Today was a bad day. I’ve not cried like I have today since—oh, I can’t remember. Maybe never. In a heated discussion, I learned what someone whom I once considered a friend really thought of me. All these years, we’ve been having easy conversations about my cat(s) and such other frivolous matters, yet beneath it all…
I’m glad I didn’t know their true feelings before. But then again, had I known, I may have invested less in the relationship and spared myself today’s pain and that of the past few months. And who knows what I’d have done in retaliation? Thank God for keeping from us certain knowledge! Fact remains I didn’t know, and three months ago, I would have thought anyone insane who said as much. Funny. I was described as being insane today.
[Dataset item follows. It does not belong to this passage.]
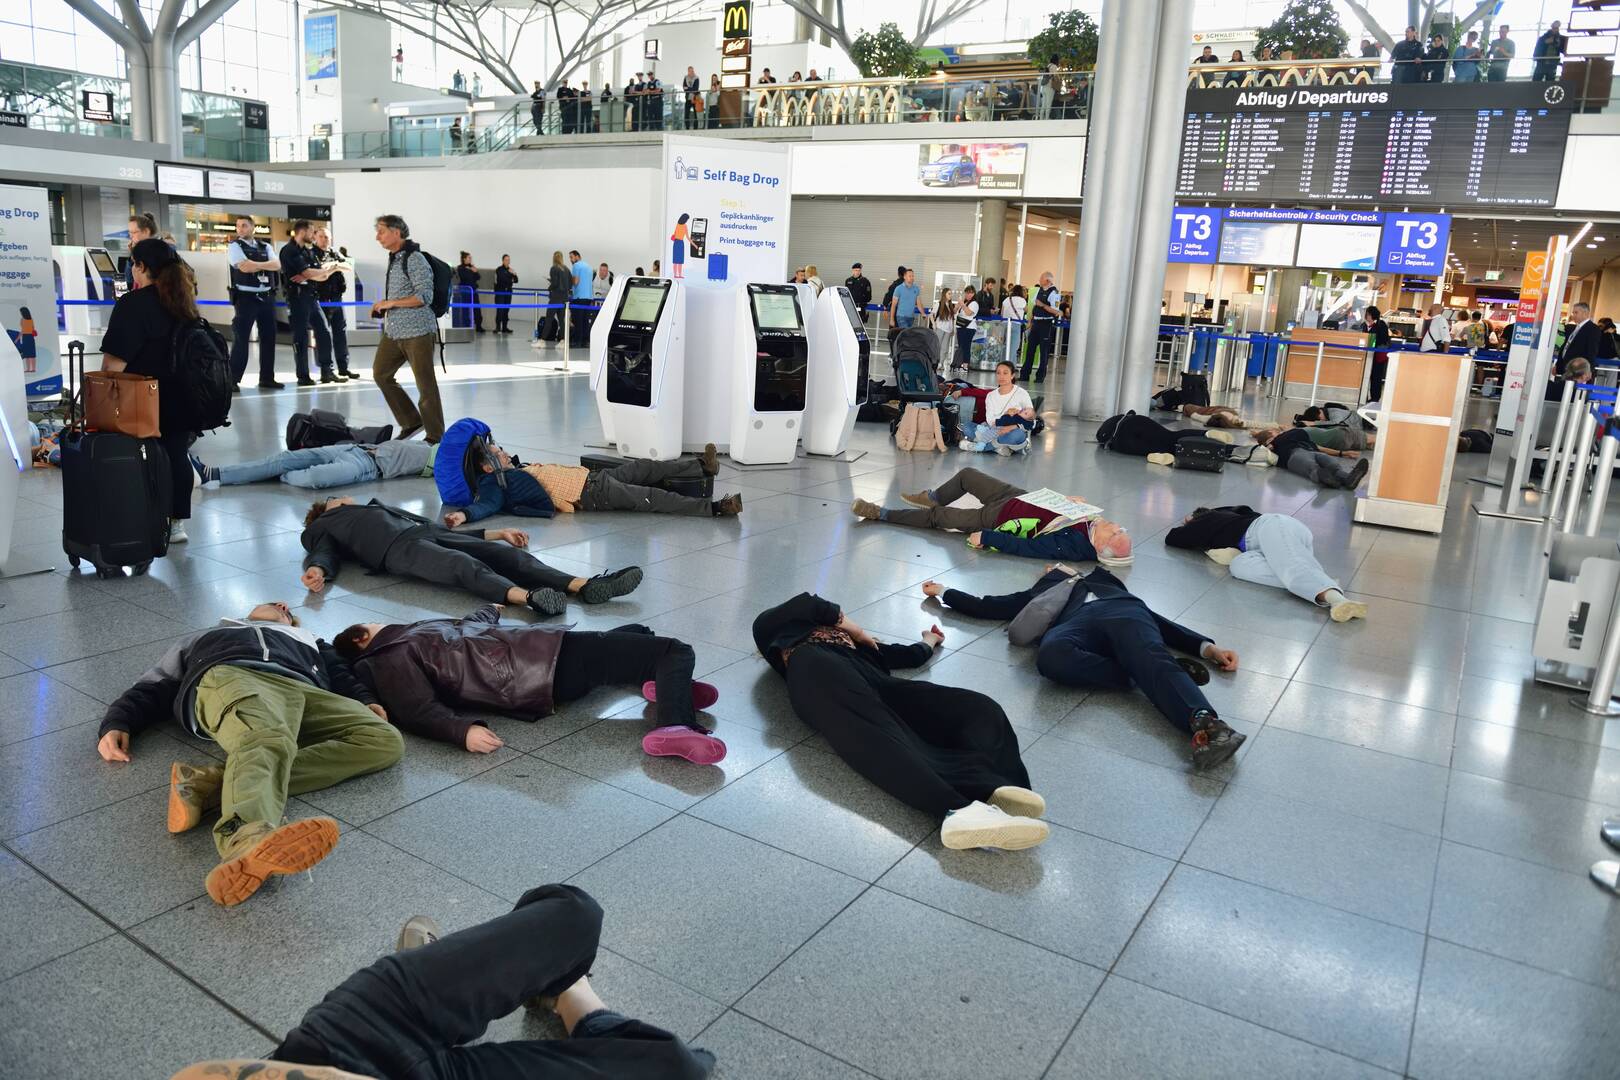 احتجاجات الجيل الاخير في مطار ألماني، 18 مايو

I am by no means totally blameless in the whole matter. God has been working on me recently—suddenly I couldn’t escape messages on forgiveness, self-righteousness and pride—and after today, I have even more to work on and to repent of. If it was hard 24 hours ago, I don’t know about now. I’m thankful I have a Father who specialises in transforming lives. The last thing I want is to become bitter and to bring division between our mutual friends.
I hope that one day, I’ll be able to look back on this and see what good it brought about in my life. And by God’s grace, good will come of this. I don’t know when and I certainly don’t see how, but I cling to two truths: God is good, and He loves me.